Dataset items
---*---
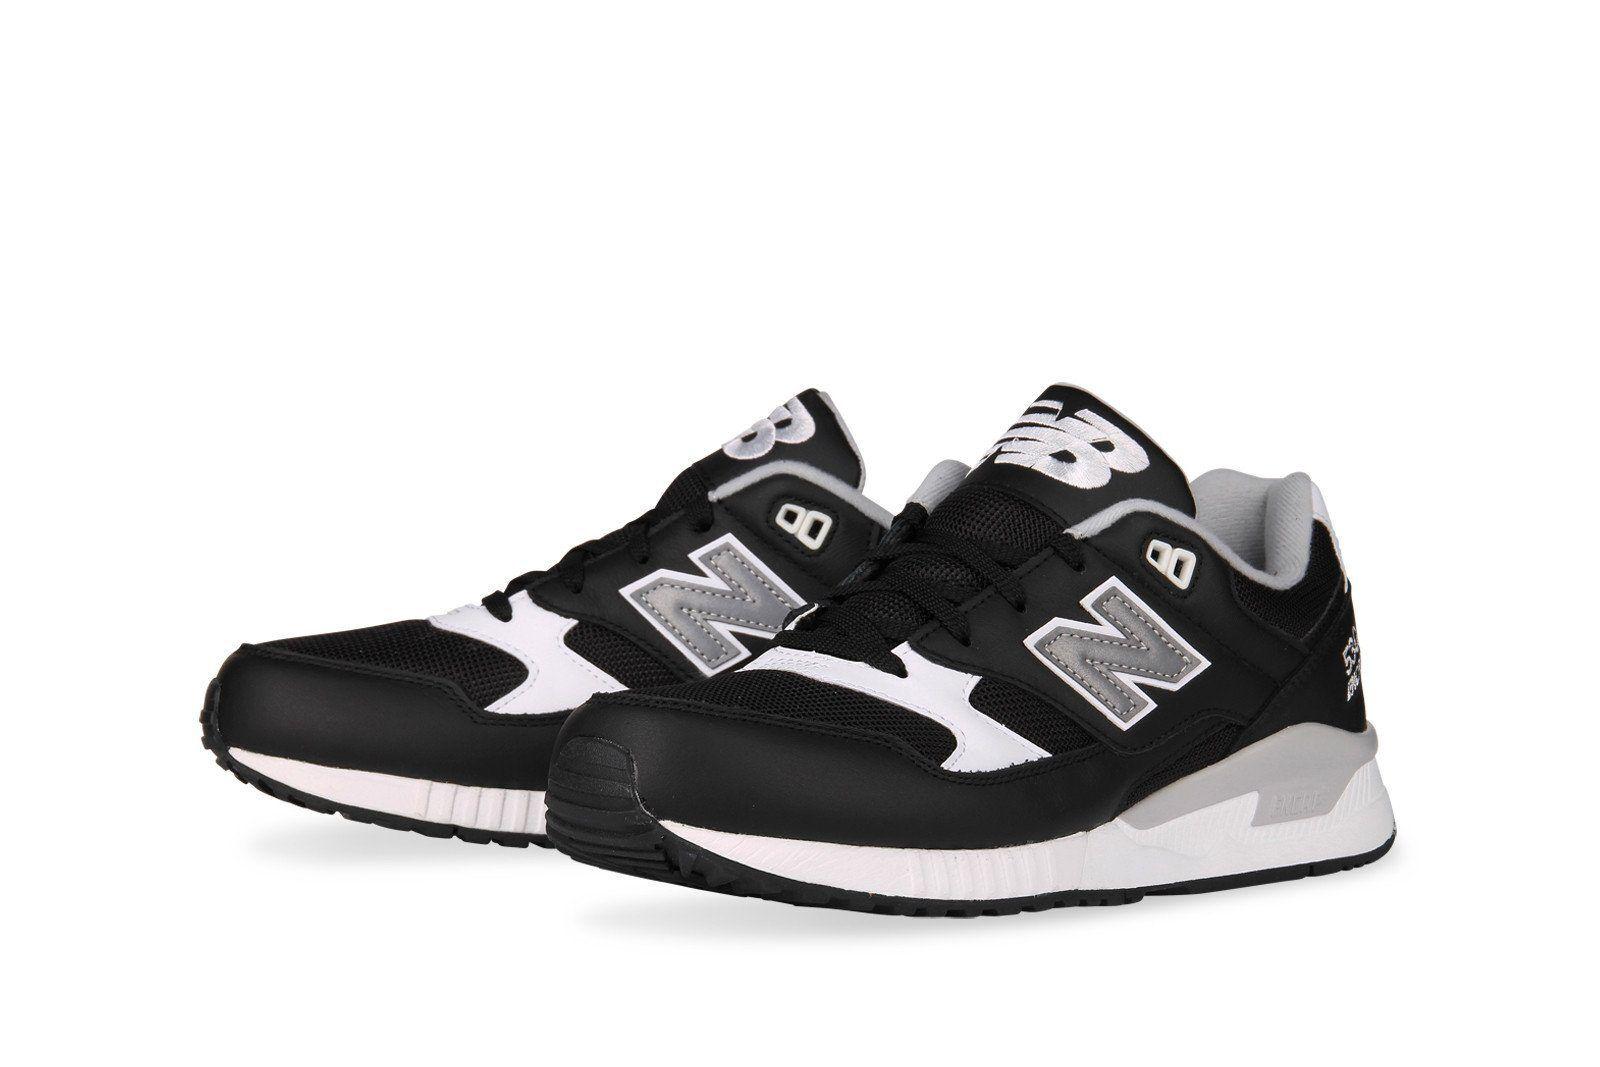 99 pennino uomini nuovo equilibrio 530 90 'di 311 pelle retro m530lgb scarpe 311 'di 999 nero bdcbe4
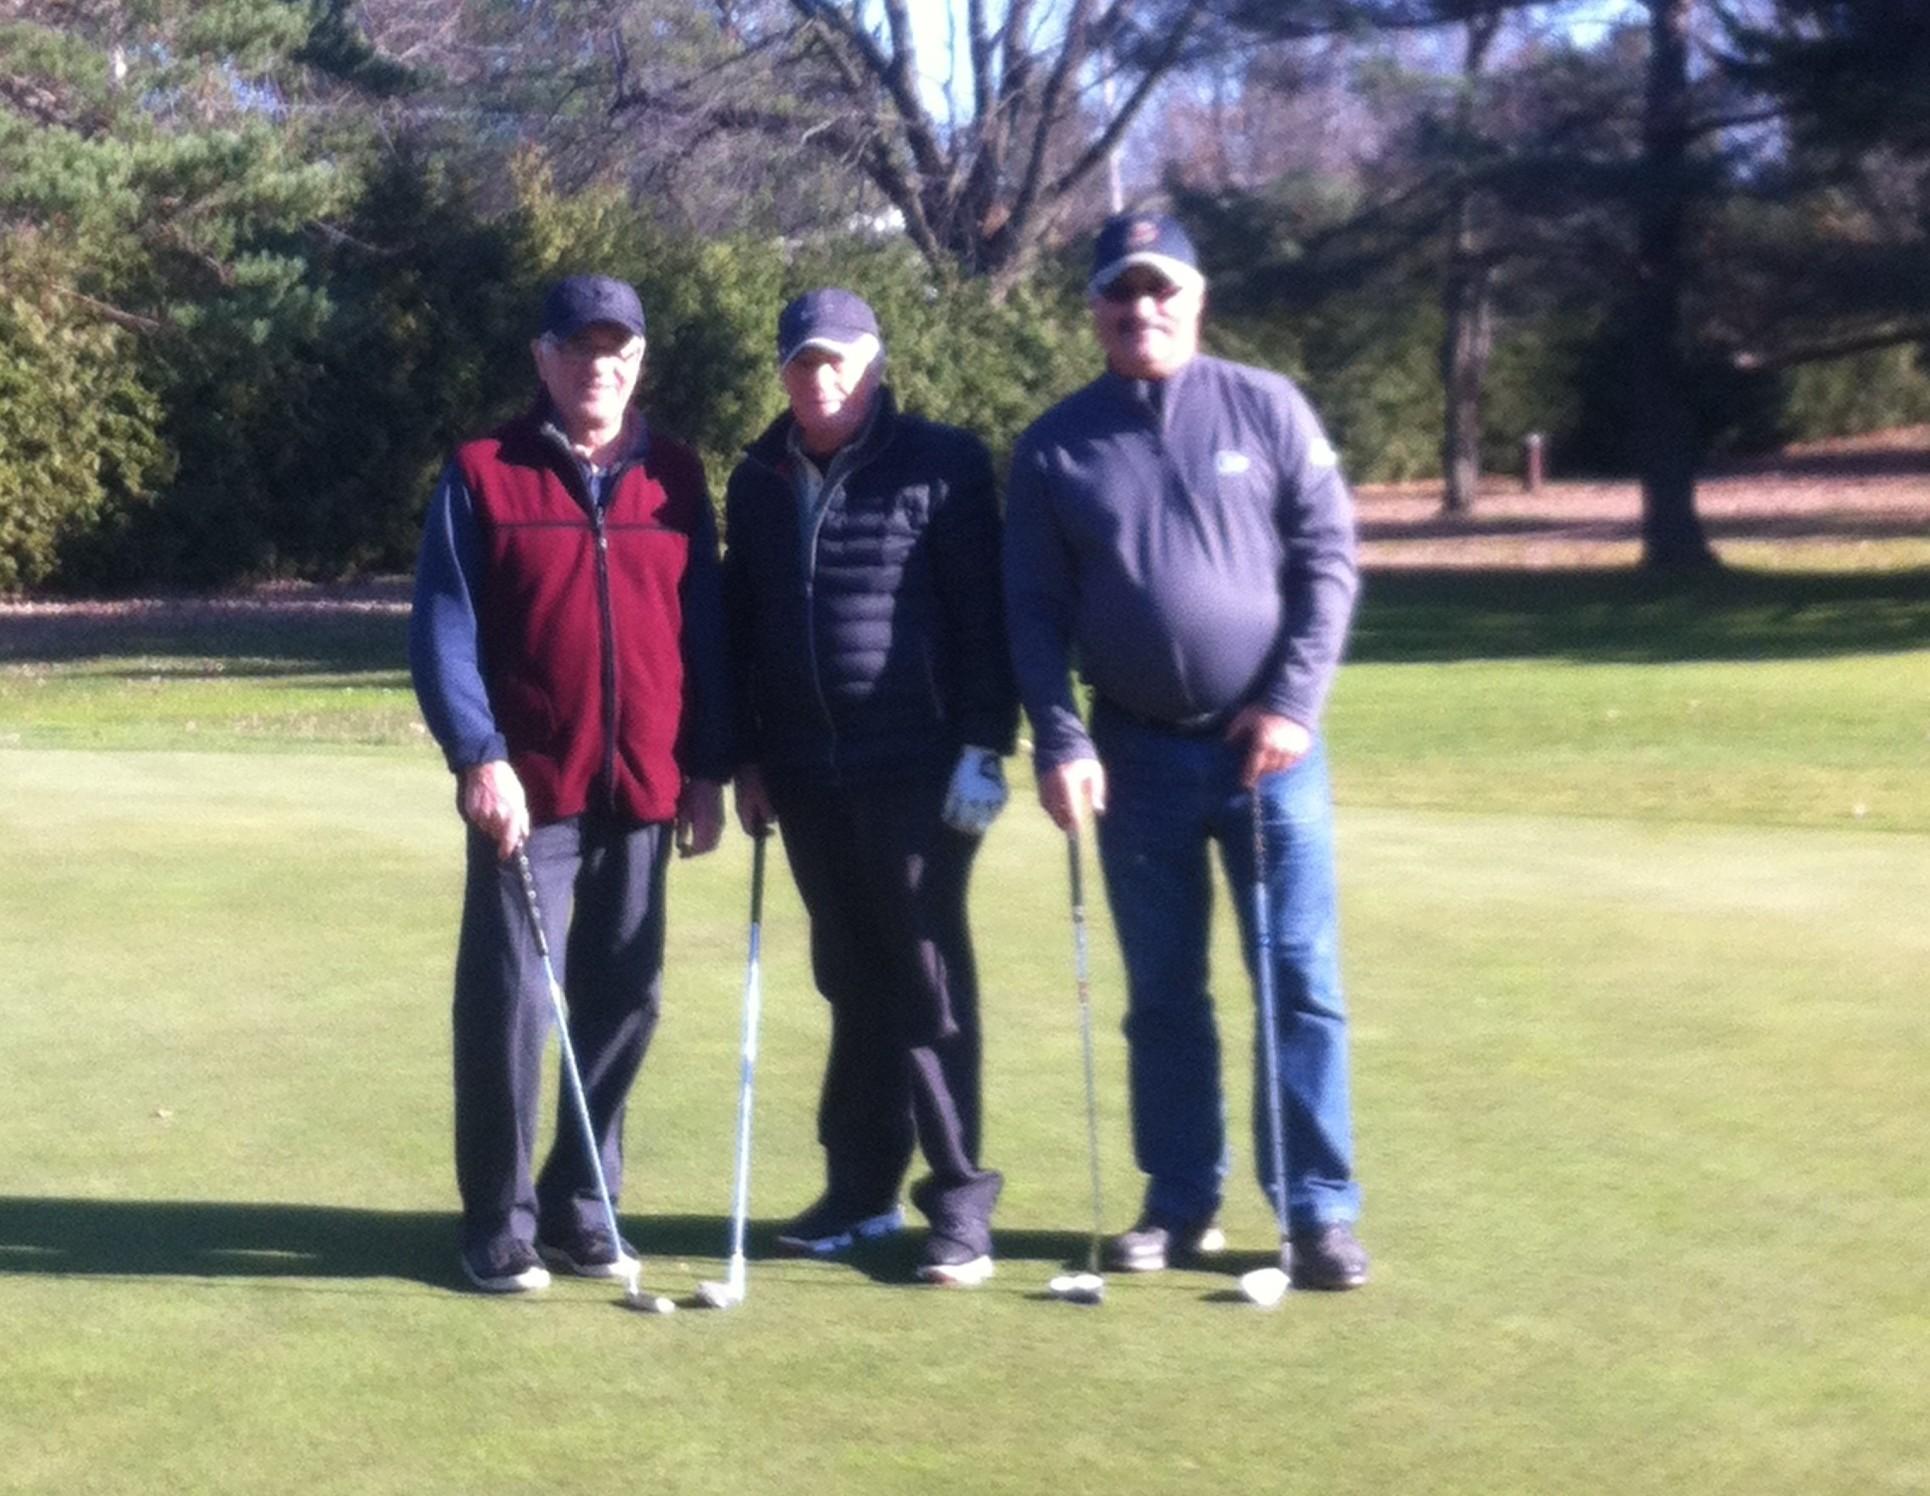 Le golf Heriot clôture sa saison 2015 vendredi 20 novembre
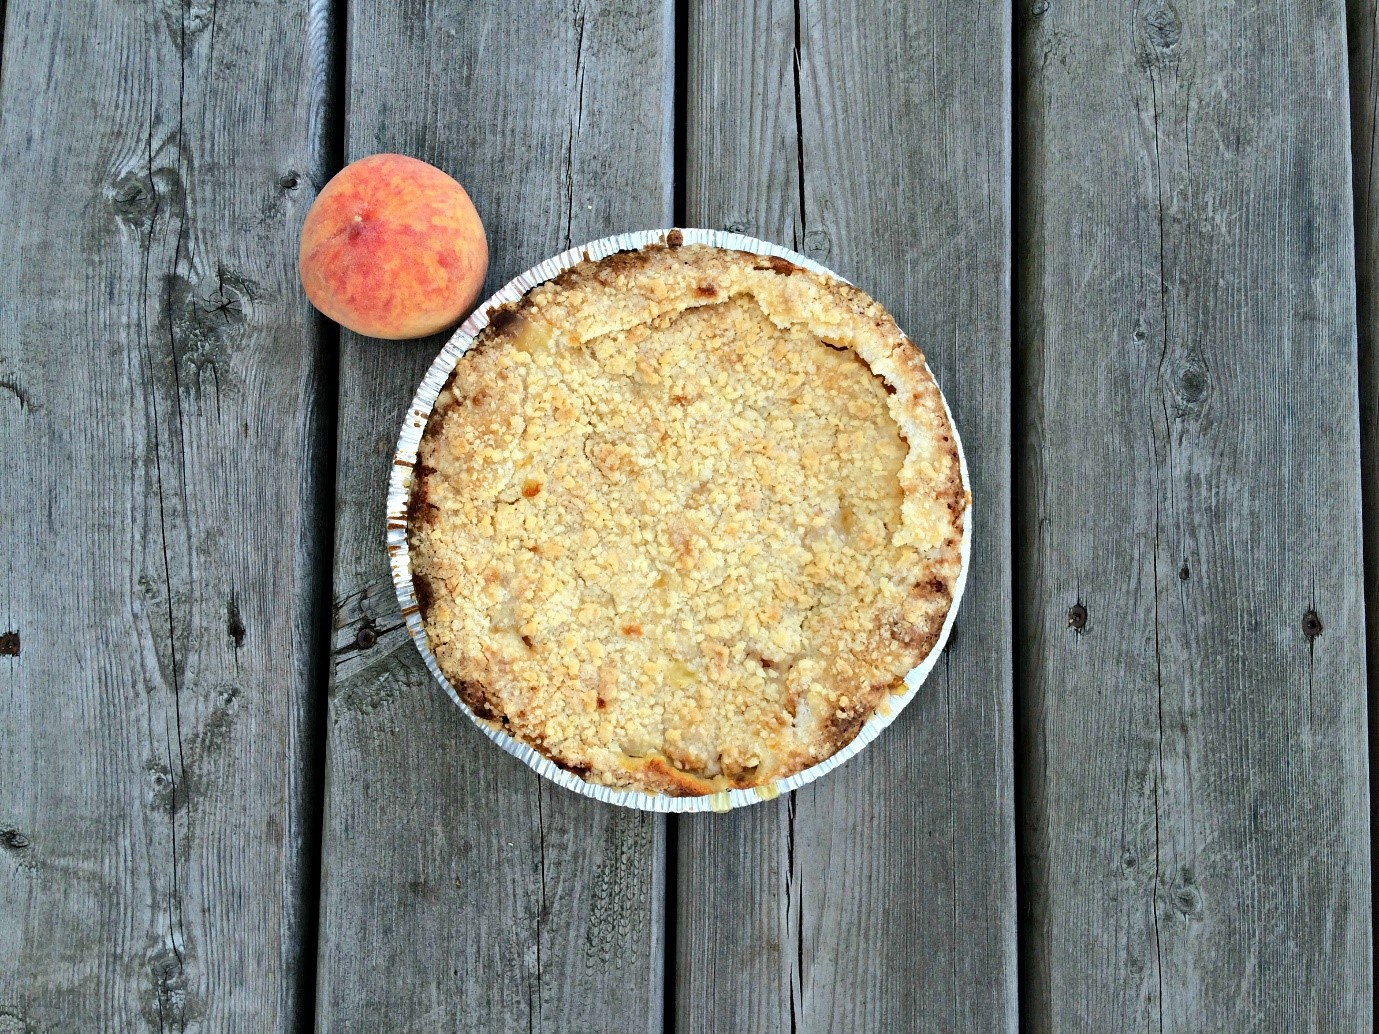 Delicious Peaches and Cream Pie Recip
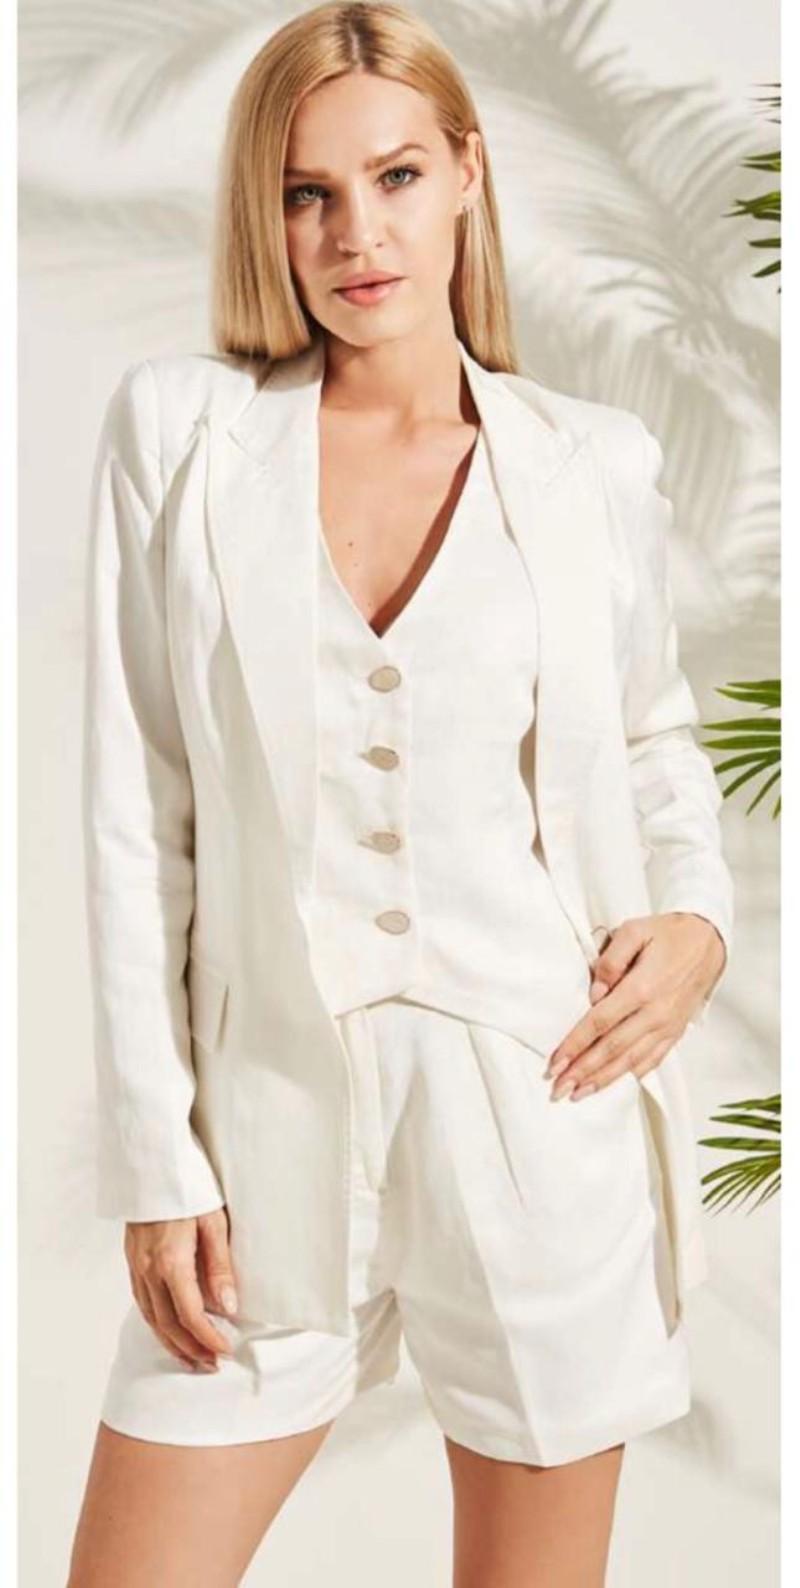 85 $ костюм; 24$ жилет; 23$ шорты; 43 $ пиджак  / заказ модели от 5 шт ( размеры от S - XL)
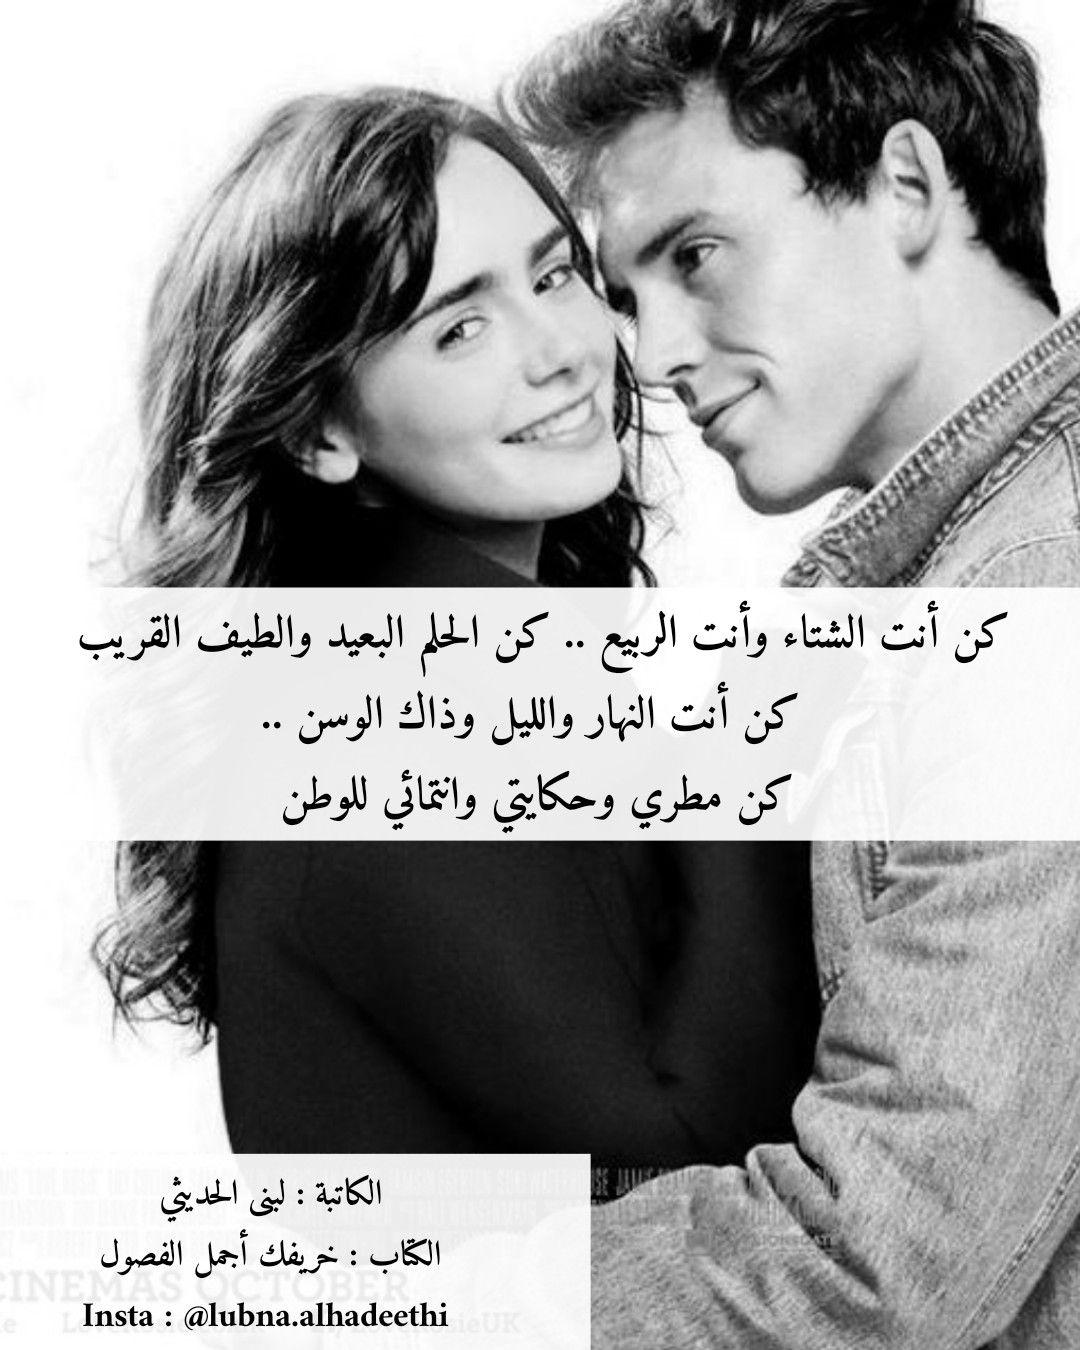 خريفك أجمل الفصول لبنى الحديثي حب اهتمام رومانسية كلمات عشق اهمال أحبك حبيبي اشتياق وفاء خيانة قلب
---*---
Retype every entry exactly, but keep the pictures out of your copy.

» **ANSWER TO THIS PROBLEM**:
 99 pennino uomini nuovo equilibrio 530 90 'di 311 pelle retro m530lgb scarpe 311 'di 999 nero bdcbe4
 Le golf Heriot clôture sa saison 2015 vendredi 20 novembre
 Delicious Peaches and Cream Pie Recip
 85 $ костюм; 24$ жилет; 23$ шорты; 43 $ пиджак  / заказ модели от 5 шт ( размеры от S - XL)
 خريفك أجمل الفصول لبنى الحديثي حب اهتمام رومانسية كلمات عشق اهمال أحبك حبيبي اشتياق وفاء خيانة قلب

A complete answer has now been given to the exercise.